I ask you to put your prejudices aside and let me introduce you to the friendly and powerful regex I know. Let's start with the basics.
What is a regex?
A regex is a string that matches a pattern of text. In most programming languages you surround the string with forward slashes so it is recognized and treated as a regex. /foo/
, /[0-9]+\.[0-9]+/
and /(0[1-9]|1[0-2])/(0[1-9]|[12][0-9]|3[01])/\d{4}/
are valid regular expressions. The first matches the sequence of characters 'foo', the second matches decimal numbers, and the third - dates.
When to use a regex?
Regular expressions are used when you need to find, replace, split or validate strings. These tasks are so essential that all the major programming languages have a built-in regex engine.
How to use a regex?
The capabilities of regular expressions are vast and we only go through the basics in this article. You can find more sophisticated use-cases and examples {{here}}.

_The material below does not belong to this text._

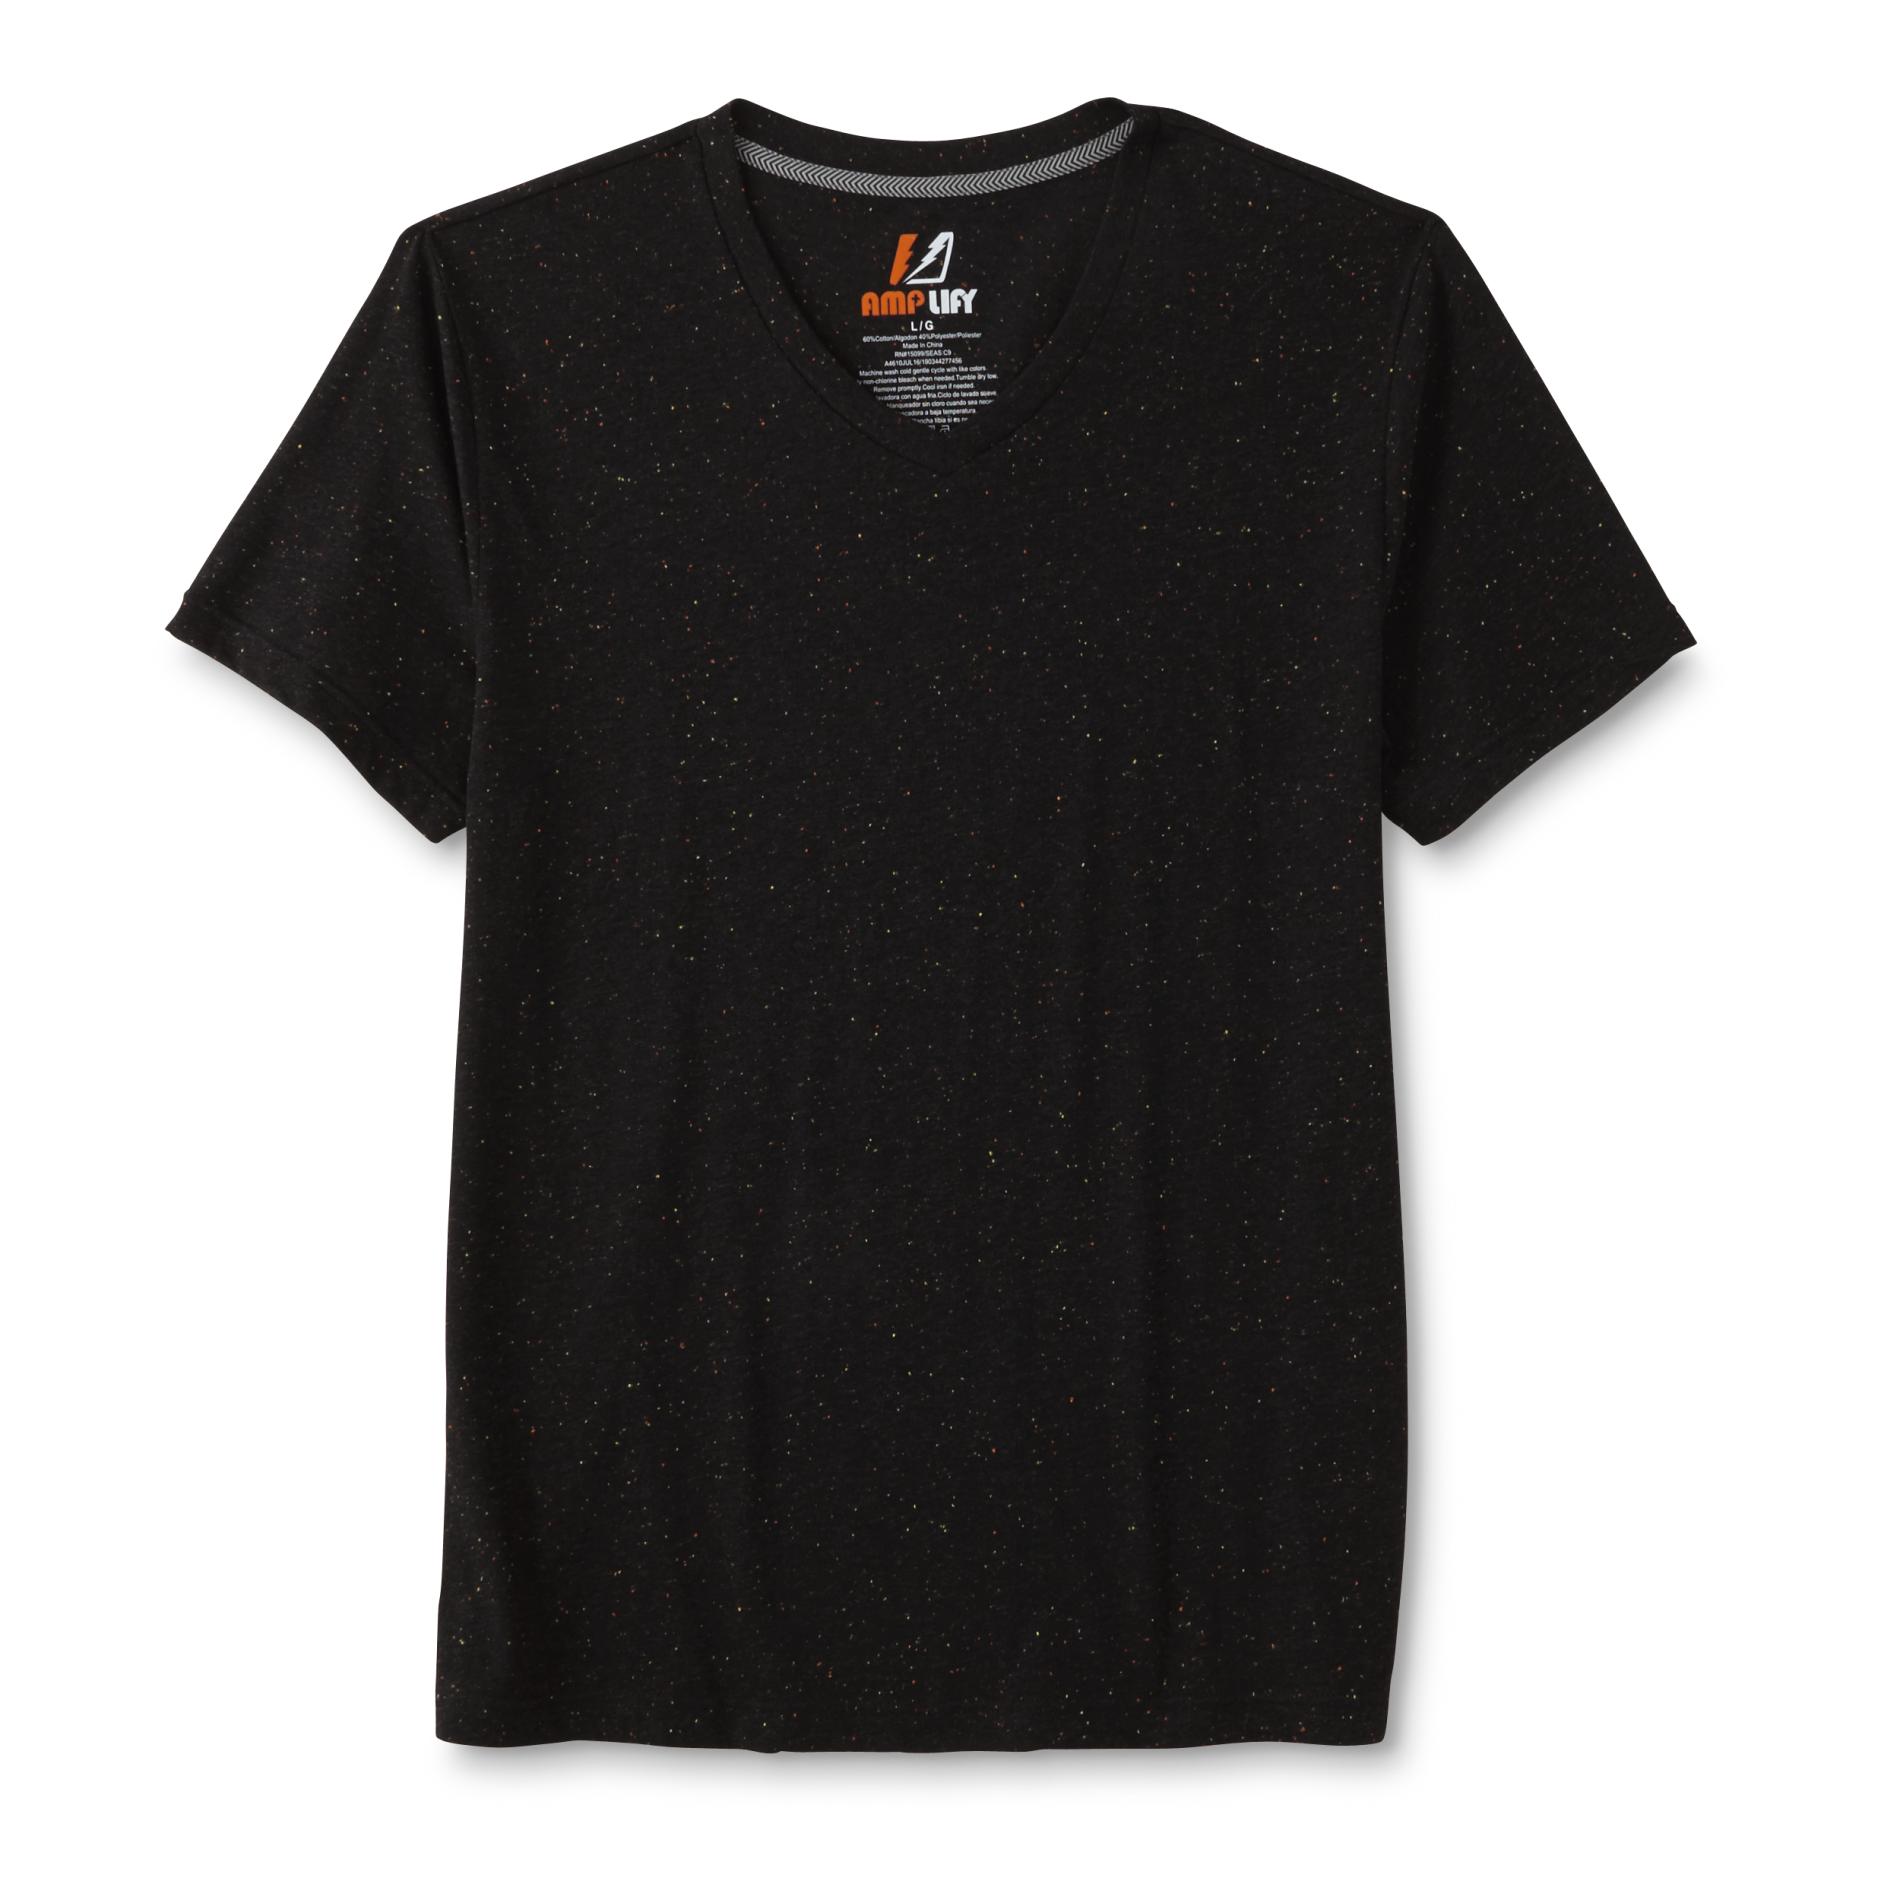 Amplify Young Men's V-Neck T-Shirt - Speckled

Most characters, like letters and numbers, match themselves. Creating a regex composed of only alphanumerical characters will be no different than looking for a substring - a function present in the standard library of modern languages. In order to unlock the full potential of regular expressions, we add a little bit of special syntax in the form of quantifiers, tokens, anchors, and groups.
Quantifiers
Quantifiers are symbols that indicate how many times a given character should be matched.
Examples: ?, *, +, ...
Cheatsheet
a? - matches one or zero of a a* - matches zero or more of a a+ - matches one or more of a a{1} - matches exactly one of a a{1,3} - matches one, two, or three of a a{1,} - matches at least one of a
Examples
Lets's have a test sentence: Son, it's too soon for you to drink alcohol
,and the goal to match both son
and soon
.
We can write the following regular expressions that will do the trick
/so{1,2}n/
- there are either 1 or 2 "o"s -/soo?n/
- the second "o" is optional -/soo{0,1}n/
- the second "o" is an optional alternative
Tokens
Tokens generally start with a backslash \
and represent a single or a group of characters. They also provide a way for matching the special characters that are part of the regex syntax.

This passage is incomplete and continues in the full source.